Thick, scrubby grass grew around the water, but not a stone’s throw away the landscape hardened into a rocky plain. He had flown over some areas of sand, but not many. Which was good. It was much harder to find prey among dunes. Not that he was planning on going very far.

Soria sat up, rubbing her mouth. “Do we stay or leave?”

“Stay. We both need rest.” Karr walked away, claws surging through his fingernails. “Be mindful until I return.”

“What?”

He glanced over his shoulder. “I smell goats.”

She stared, until something passed through her gaze and a faint, wry smile touched her mouth. “For petting?”

It was such an unexpected thing to say—but so clearly in jest, he found himself smiling back. “I think not.”

“Well,” she said. “Good luck. I hear they are dangerous creatures.”

“Ferocious,” he replied, backing away. “But not nearly as intimidating as your knee.”

She laughed, covering her mouth with her hand as though the sound startled her. It surprised him as well, though for a different reason. He liked her laughter.

Karr turned quickly away, breaking into a run. Golden light flowed over his skin, and he begged his body for a lion’s touch, thinking briefly of his father. He desired speed as well, to put as much distance as possible between himself and the woman. He had been unnerved before by females, had suffered every emotion from lust to anger. But what she did, in the simplest terms, was make him feel things that were utterly unexpected.

Stop,
whispered a small voice.
Stop now. There are weaknesses you cannot afford.
And even if he could, she was not the one to feel them with. She was not safe. He was not safe.

No sign of madness,
he reassured himself.
You are fine. You will be fine. Long enough to see this through.

To what end, he had no idea. He was a fool if he let himself imagine this adventure would have a happy end. All he was searching for were ghosts and chance, the faintest possibility of life. And Soria’s motives were utterly a mystery.

Human scents grew stronger. Karr kept low to the ground. It was only hours before dawn. Most would be asleep, unless there was a guard watching over the livestock. A child, probably. Or dogs. He listened carefully as he approached the settlement, but heard nothing except the occasional soft bleat and the low, content sounds of horses. He was safely downwind.

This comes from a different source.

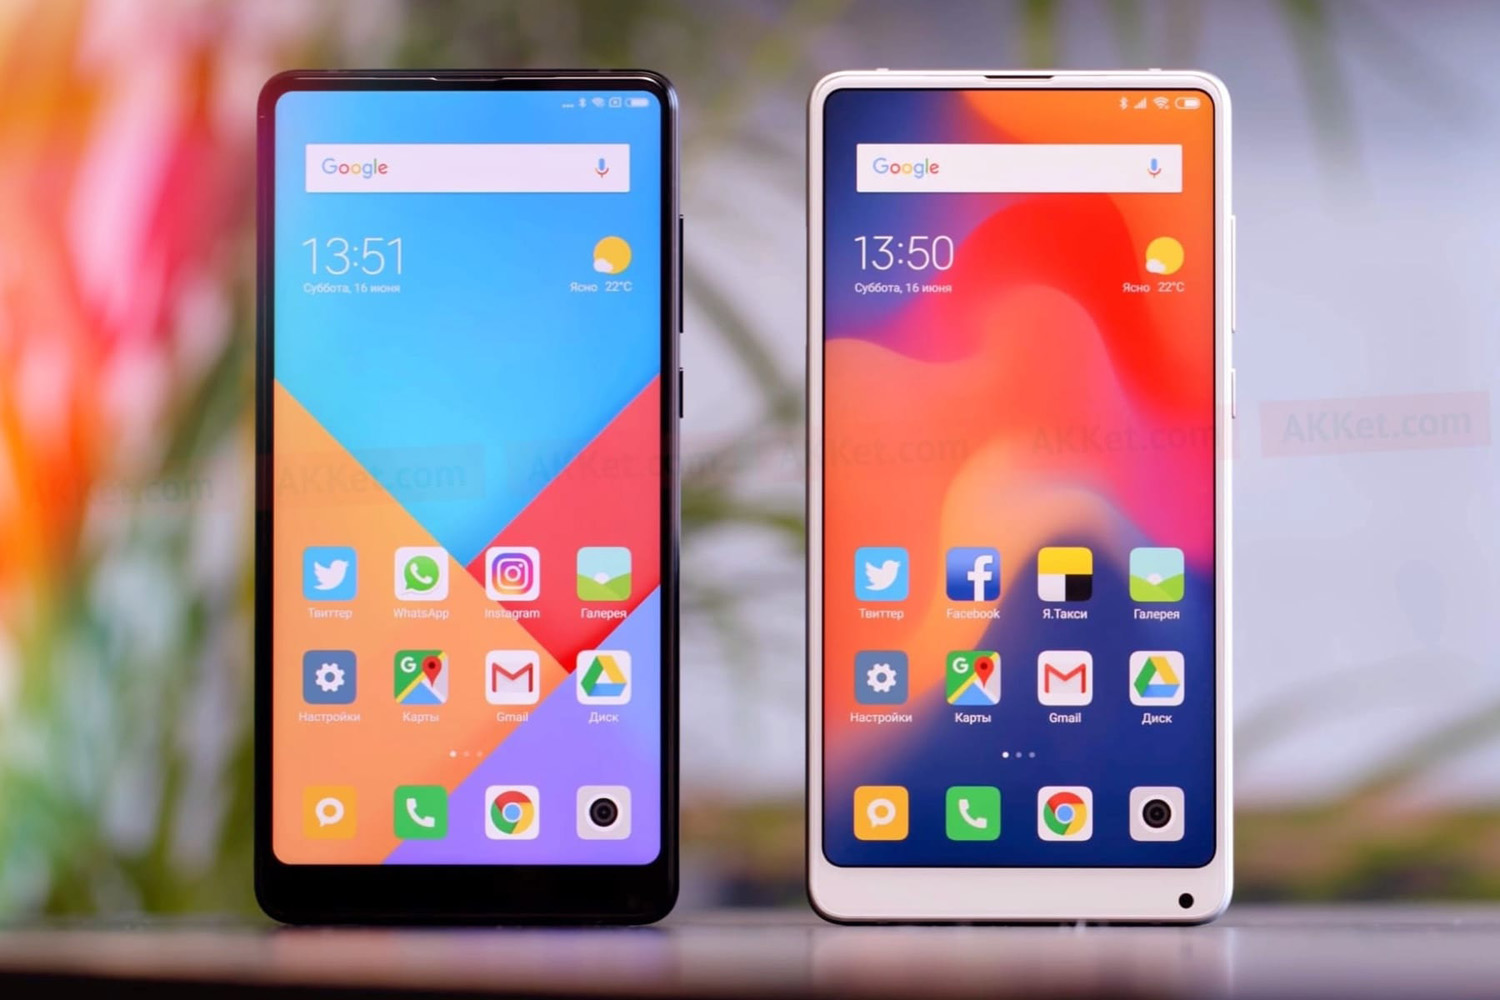 5 Андроид Для Xiaomi
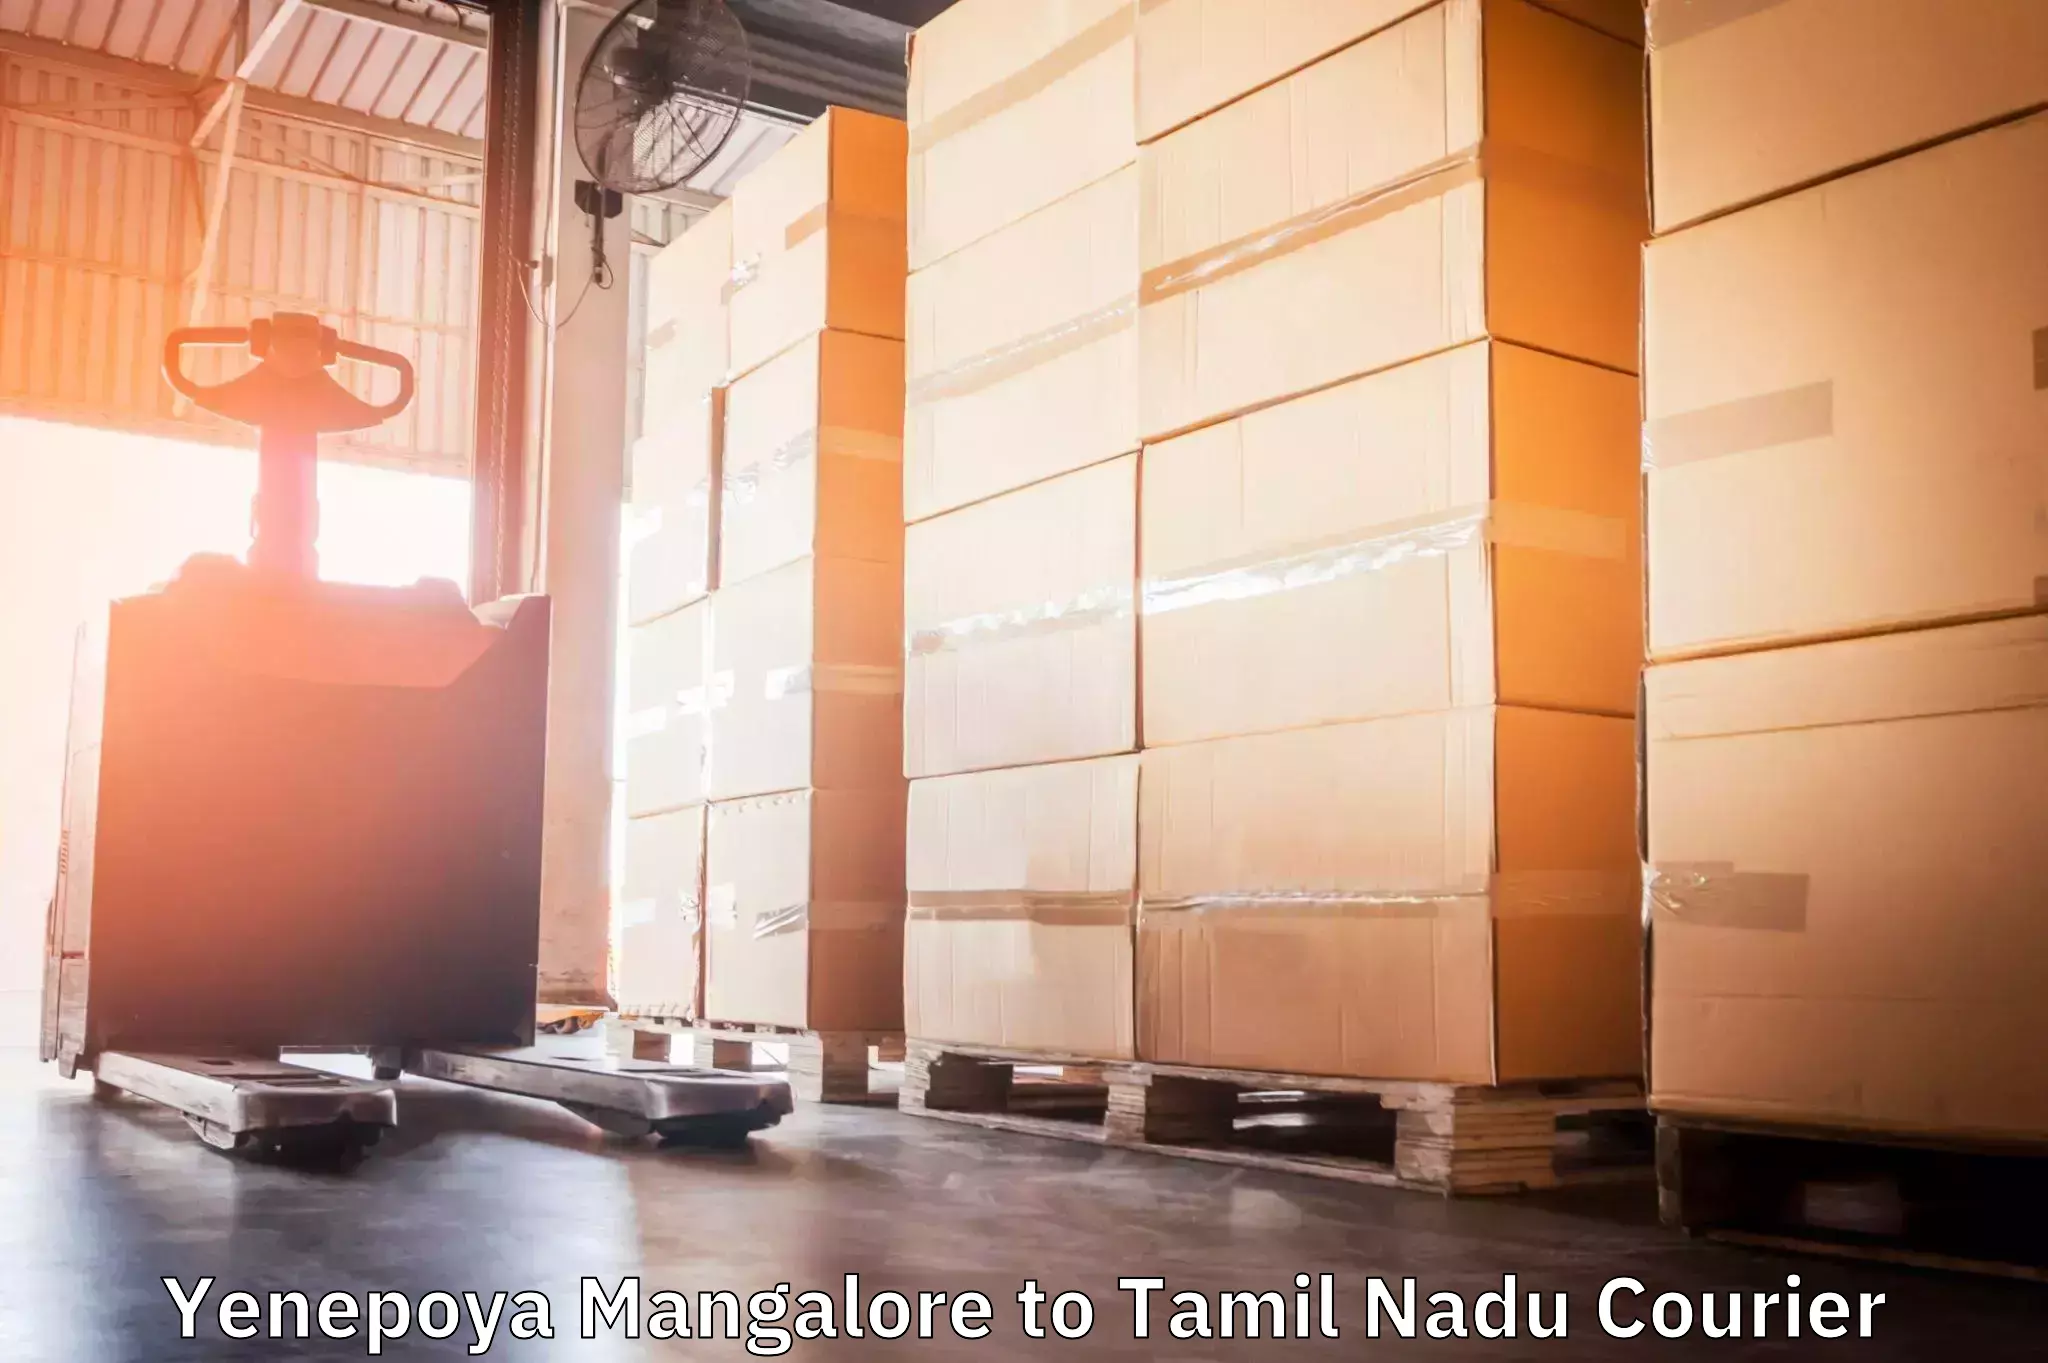 Professional courier services Yenepoya Mangalore to Udumalaipettai

He crept over the ridge, discovering a desert patchwork of rock and grassland, an immense plain that swallowed the small round tents arrayed less than half a mile in front of him. Tiny fires burned. He saw goats inside a loose pen made of rope tied around stakes in the ground. Horses grazed freely.

A tricky business, stealing from humans. Karr preferred a wild hunt, but there was no time—and he had been without meat since waking in the tomb. No wonder he was weak. He was starving.

He was careful to stay downwind, creeping close to the ground as he neared the settlement. The goats were very near. One strike was all he needed, and then speed would do the rest.